Today, sought-after by collectors and museum curators, Appleton’s art, each a slowly developed master work, is eagerly awaited—even by the artist herself.

“The creation of a new piece is intuitive,” she says, “and still holds awe and mystery for me. I love it when a viewer can glimpse an expanded universe, the illusion of worlds within worlds within my work.” But what is the actual process for turning simple bits of paper into art?

First, says Appleton, she gets out her journal. “I quickly jot down a word or a poem as I work. I remain flexible as the piece comes together, moving pieces around, trying out new ideas as I go.” She speaks of patterns that “swirl all around us, even inside us. The repetition in my work is innate, detached from my analytical self.” Appleton says that she’s always found inspiration in nature—the life of a diatom inside a water droplet has produced mesmerizing images. Her newest exhibition will lean heavily on the hurricanes which have visited Florida in recent years. 

The mechanics of Appleton’s method are straightforward. She begins as a painter using heavy watercolor paper that she paints in brilliant colors on both sides. She then cuts the hundreds, perhaps thousands, of hand-painted squares, triangles, and circles … or minute images of frogs or flower buds … with the X-Acto knife. “I fold and paste layer upon layer to create these dimensional shapes before actually attaching them to the background—the last step.” Working at night is her favorite time for creation. She says, “Seven hours is my average.”

Yet time is an ephemeral thing for Appleton. “I never know how long a piece will take to complete.
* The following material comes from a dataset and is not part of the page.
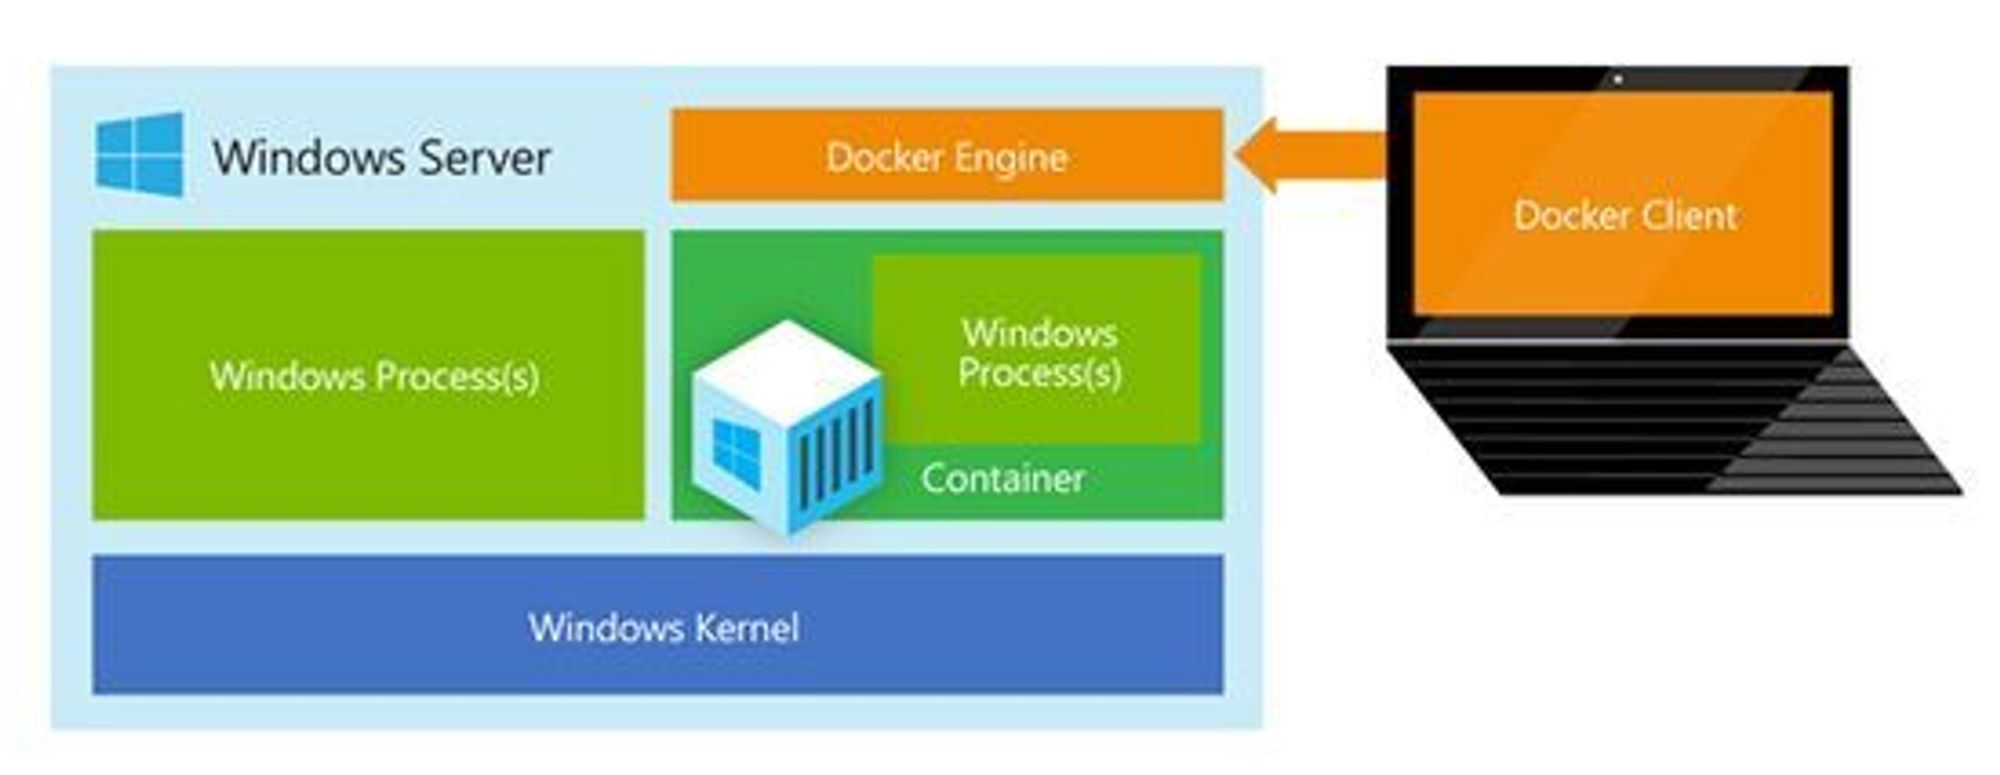 Komponentene i en Windows Server-konteiner som kjøres i Docker.

It may be weeks or months—a large piece may take a year to finish.” And today, at 75, the art world wishes Beth Appleton many more years of “wielding her X-Acto” and gifting the world with her tiny bits of magic.

Those who know Appleton’s unique body of work eagerly await her April 2025 exhibition at the LeMoyne Arts Center, where new and personally selected retrospective pieces will be on display.